Kenaikan tarif ini bertujuan untuk meningkatkan penerimaan negara guna mendukung berbagai program pembangunan. Di Indonesia, Pajak Pertambahan Nilai (PPN) dan Pajak Penjualan atas Barang Mewah (PPnBM) menyumbang besar terhadap penerimaan negara.
PPN dikenakan pada transaksi barang dan jasa, sementara PPnBM diberlakukan pada barang mewah seperti kendaraan, perhiasan, dan hunian yang dikonsumsi kalangan berpenghasilan tinggi.
Kedua pajak ini menjadi penyumbang terbesar kedua setelah Pajak Penghasilan (PPh) dan memiliki peran penting dalam mengatur konsumsi serta mendukung pemerataan ekonomi. PPN dan PPnBM memberikan kontribusi besar terhadap keuangan negara dan mencerminkan kebijakan fiskal yang progresif.
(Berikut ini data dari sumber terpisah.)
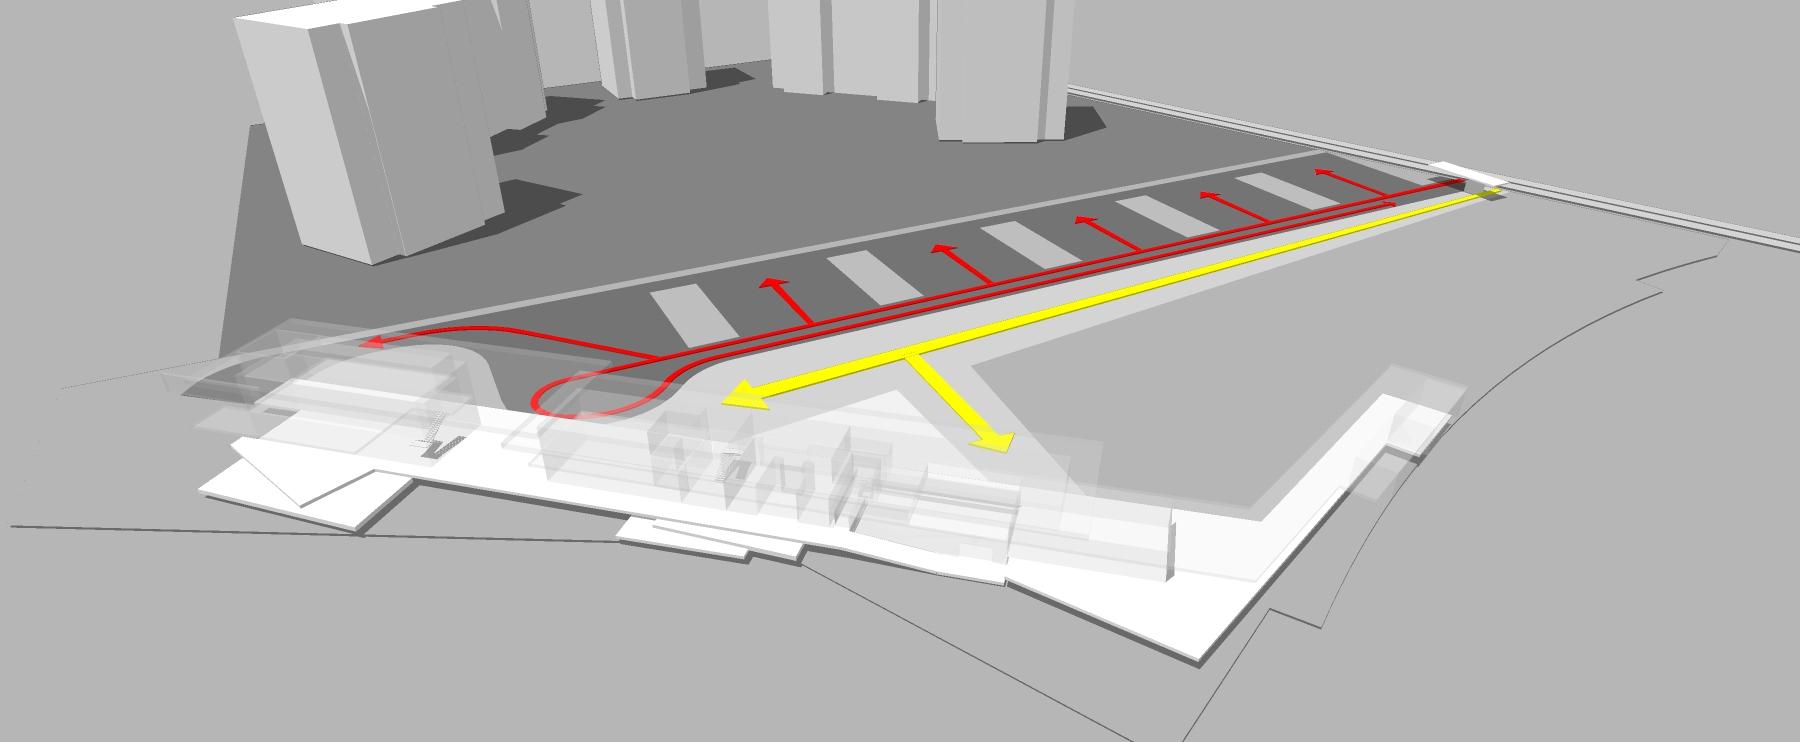 diagramas de fluxos

Dengan kebijakan baru tersebut, Indonesia akan menjadi negara dengan tarif PPN tertinggi di kawasan Asia Tenggara (ASEAN), sejajar dengan Filipina yang juga menerapkan tarif yang sama.
Hal ini menjadikan Indonesia dan Filipina sebagai dua negara dengan tarif PPN tertinggi di ASEAN, sementara negara-negara lain di kawasan ini masih mengenakan tarif yang lebih rendah.
Meskipun tarif PPN Indonesia lebih tinggi dibandingkan negara-negara ASEAN, Menteri Keuangan Sri Mulyani Indrawati menyatakan, tarif PPN Indonesia masih terbilang rendah jika dibandingkan dengan sejumlah negara di dunia. Ia menyebutkan, negara-negara seperti Brasil menerapkan tarif PPN sebesar 17%, Afrika Selatan 15%, dan India 18%.
Menurutnya, sekalipun tarif PPN Indonesia lebih tinggi dibandingkan dengan negara-negara tetangga di ASEAN, tarif tersebut masih tergolong moderat.